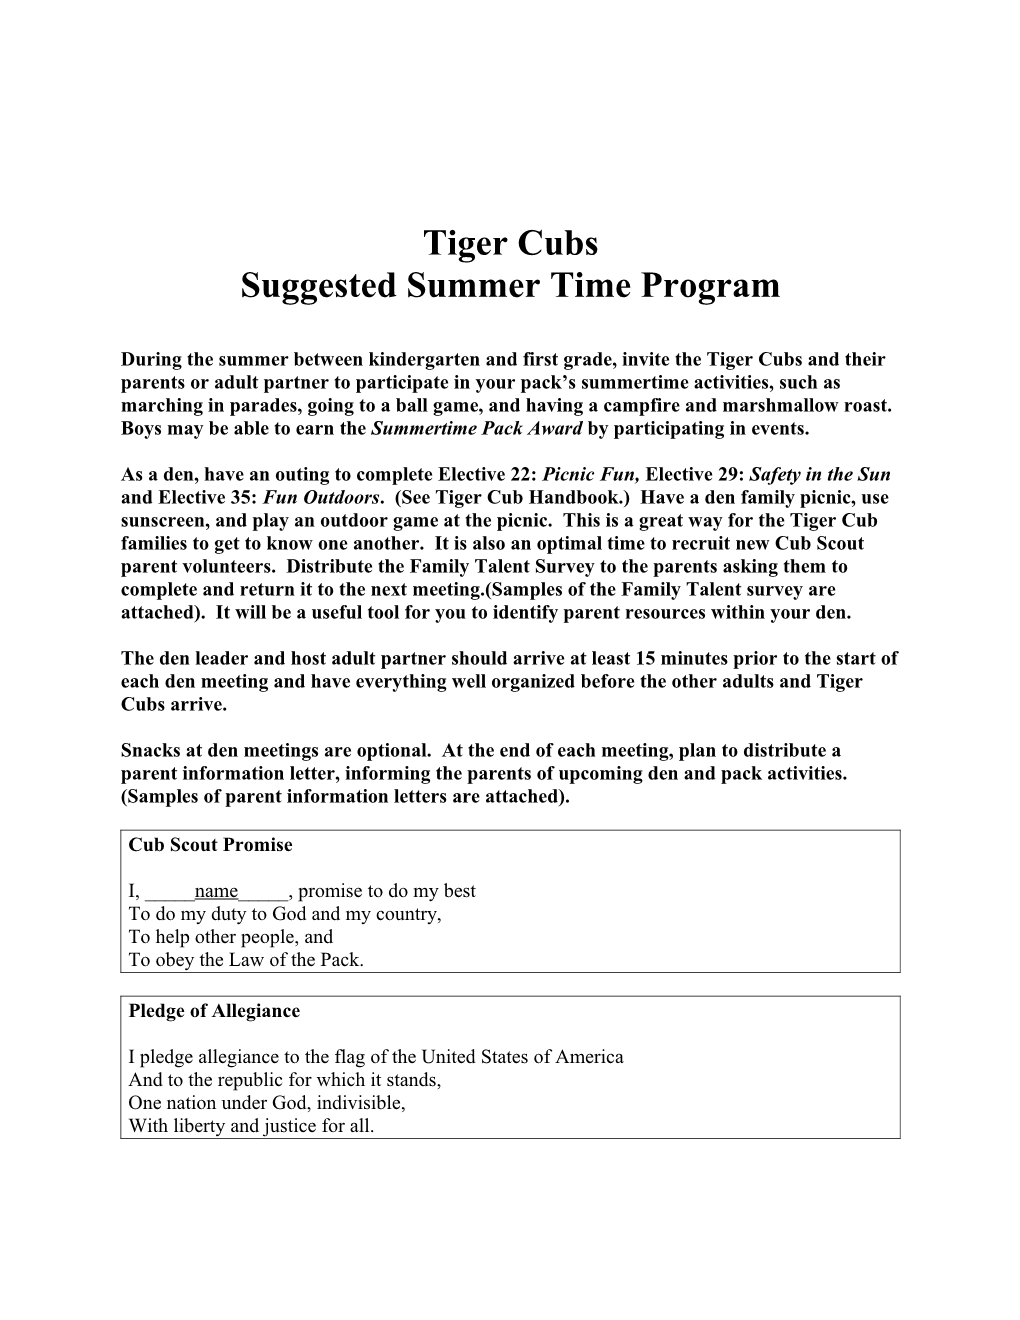 Suggested Summer Time Program
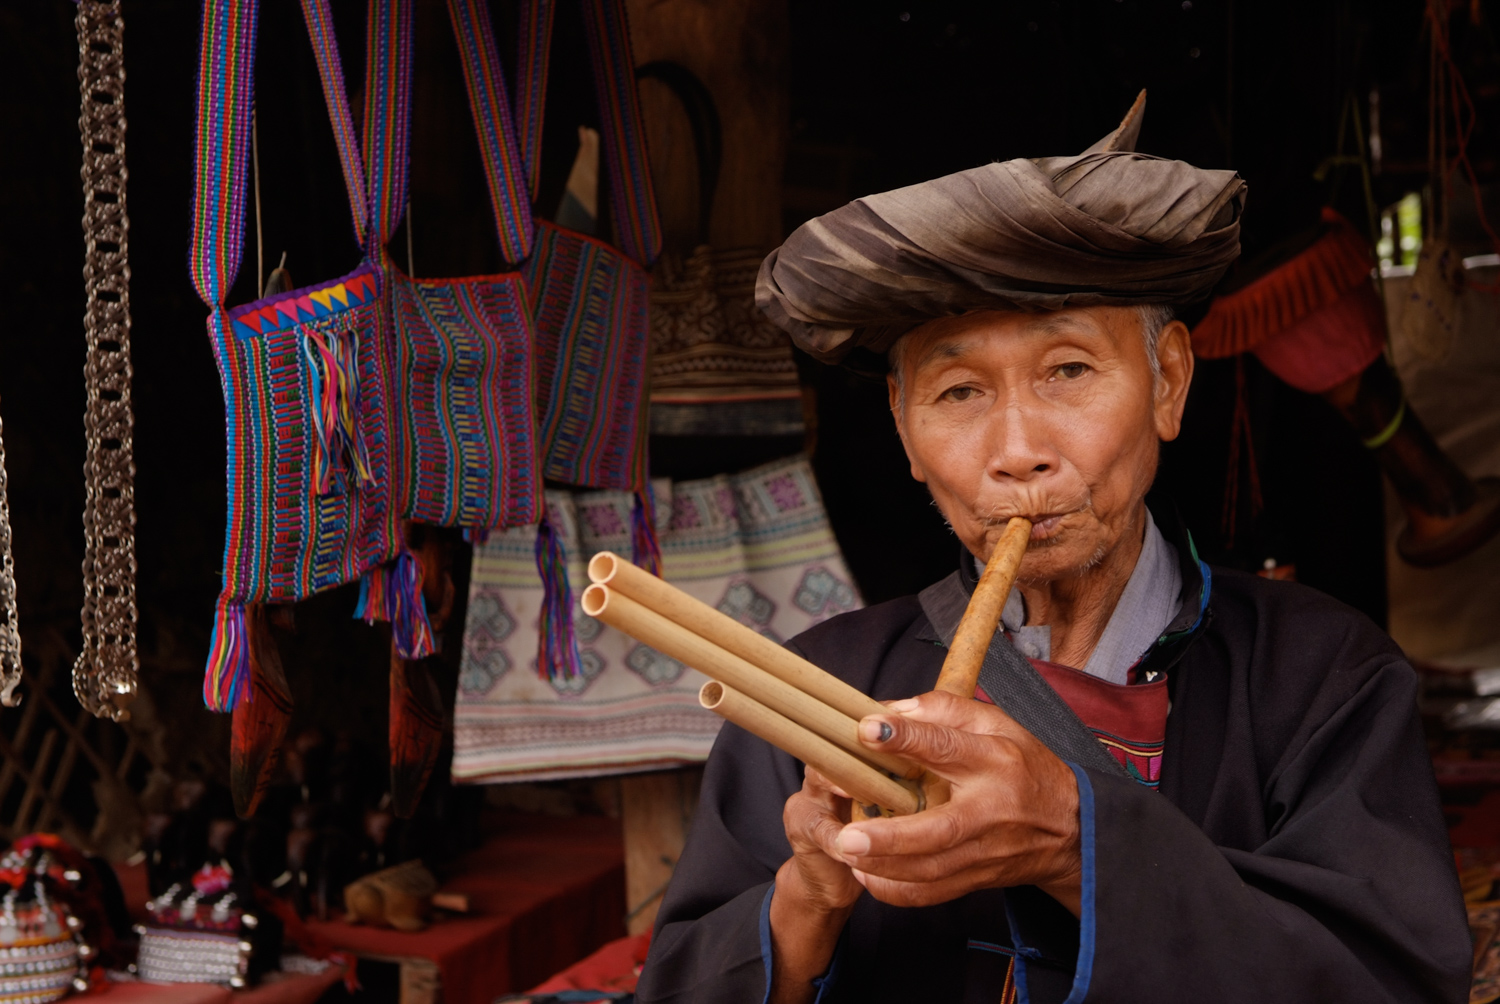 Hill tribesman playing bamboo flute in Laos
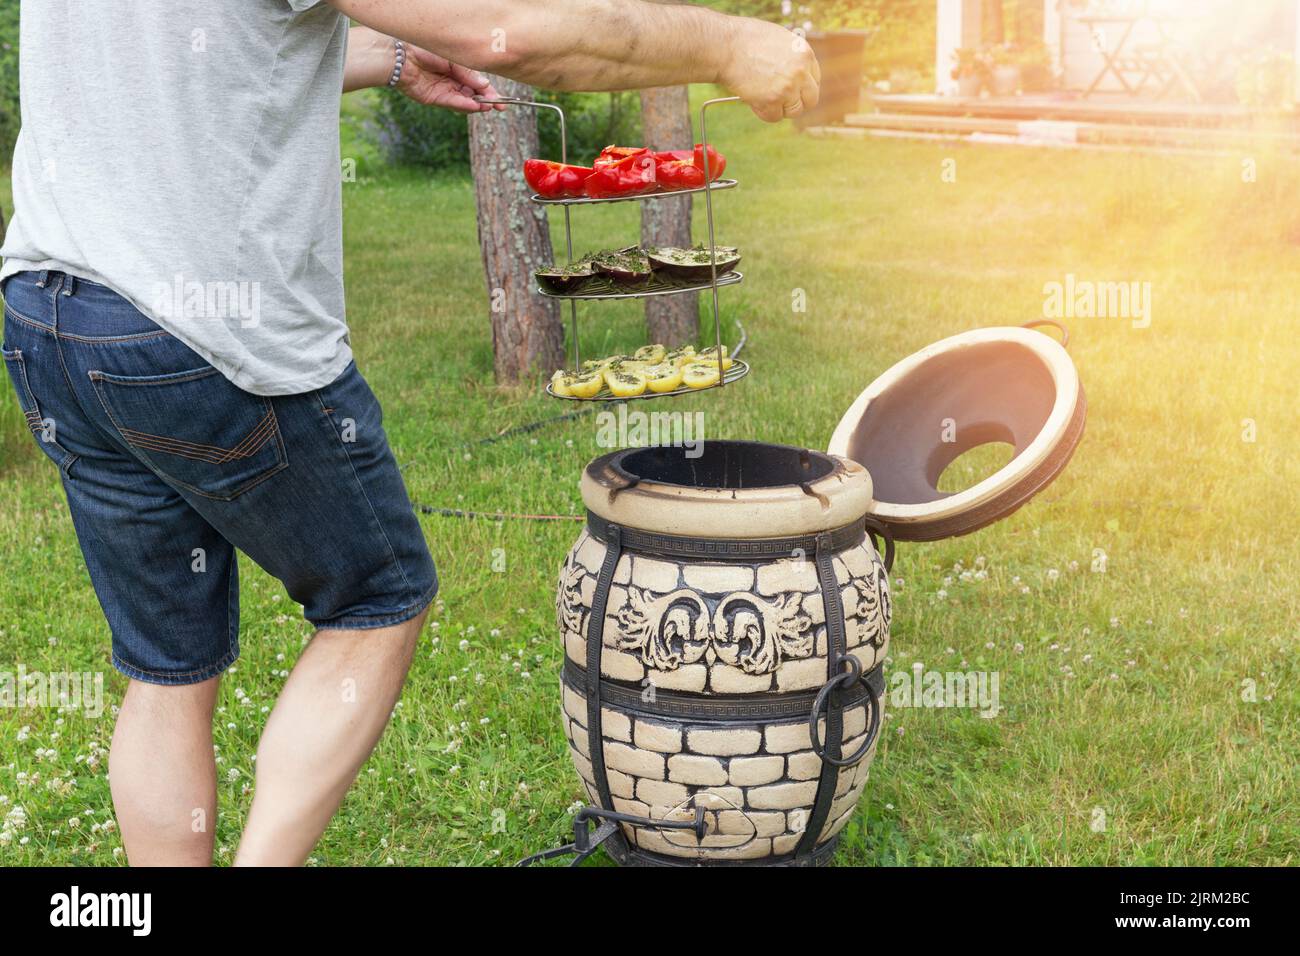 Cooking vegetables on the tandoor. Man holding a grill with vegetables, beautiful formal garden with dining place. Stock Photo
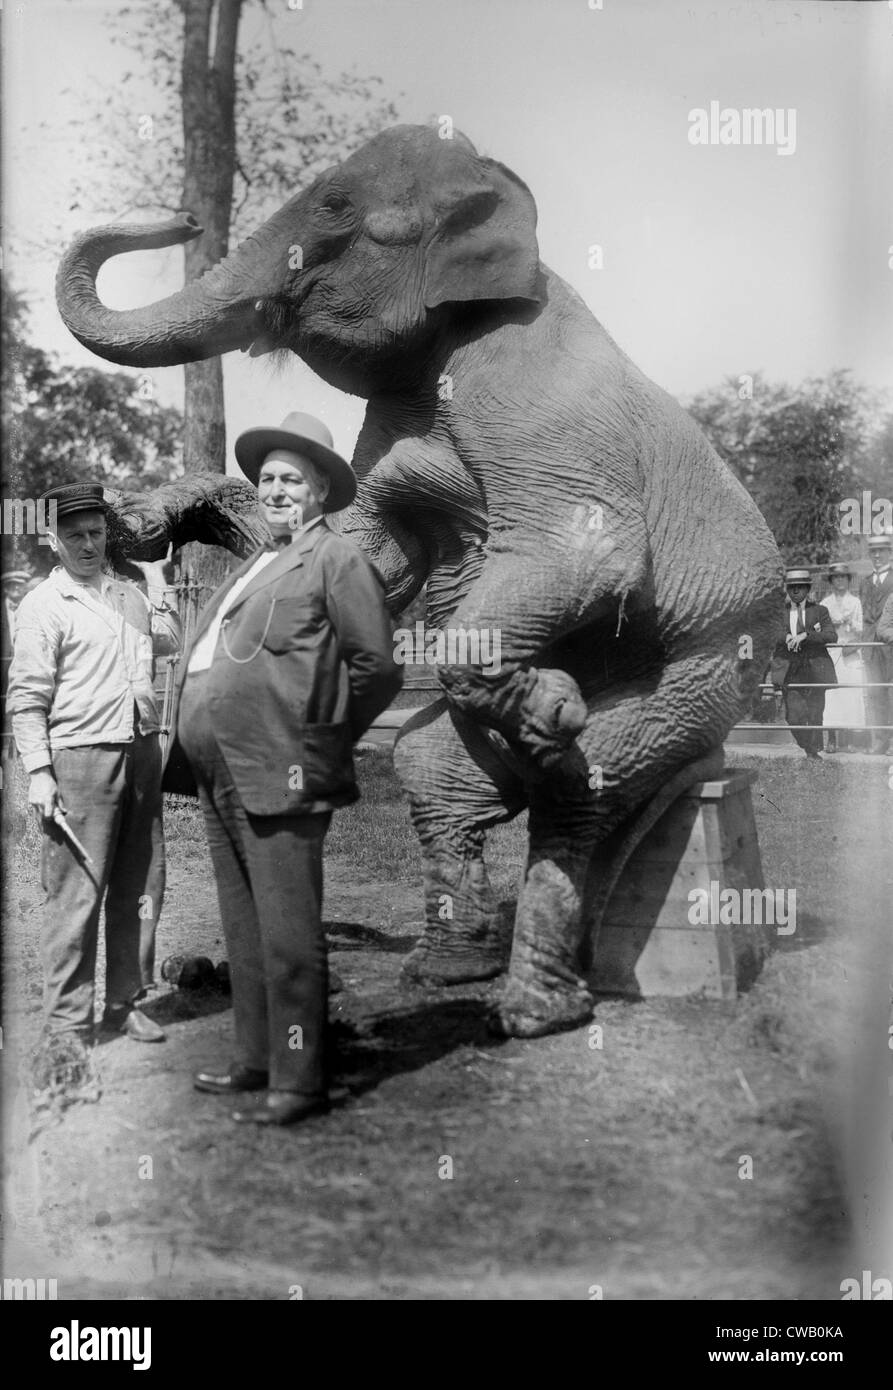 Stewart (right), and elephant, circa early 1900s. Stock Photo
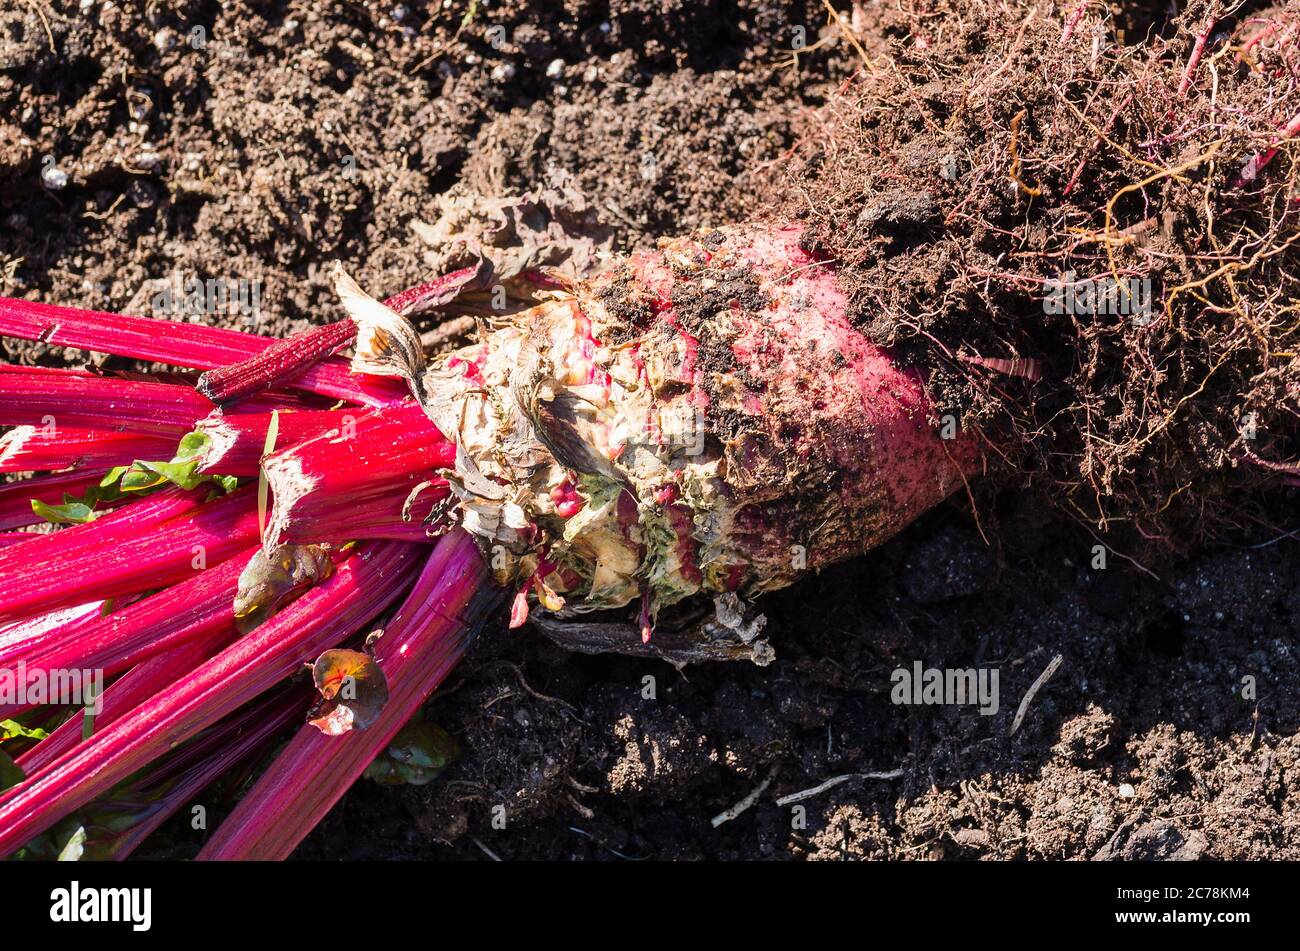 Ruby chard, lifted from the ground at the end of life, showing the bulbous beet-like root, characteristic of this range of vegetable. It produced tast Stock Photo
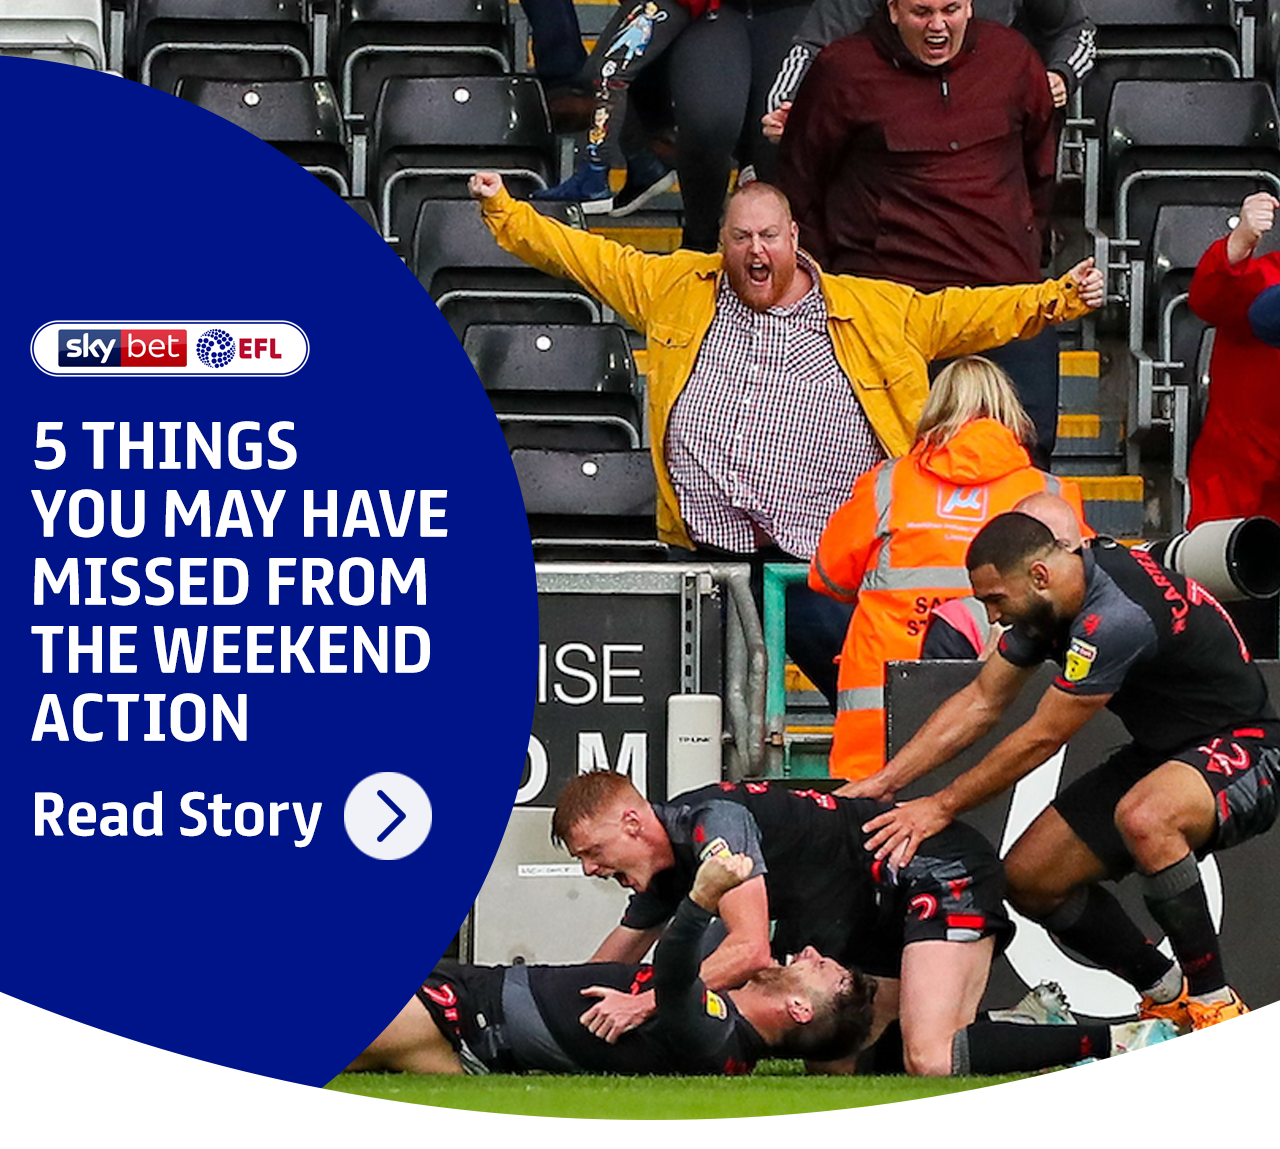 5 things you may have missed from the weekend action

□ □ □

### WHAT TO PRODUCE
None of the pictures belong in the copy; transcribe the rest of the data exactly.

### TASK RESULT
 Suggested Summer Time Program
 Hill tribesman playing bamboo flute in Laos
 Cooking vegetables on the tandoor. Man holding a grill with vegetables, beautiful formal garden with dining place. Stock Photo
 Stewart (right), and elephant, circa early 1900s. Stock Photo
 Ruby chard, lifted from the ground at the end of life, showing the bulbous beet-like root, characteristic of this range of vegetable. It produced tast Stock Photo
 5 things you may have missed from the weekend action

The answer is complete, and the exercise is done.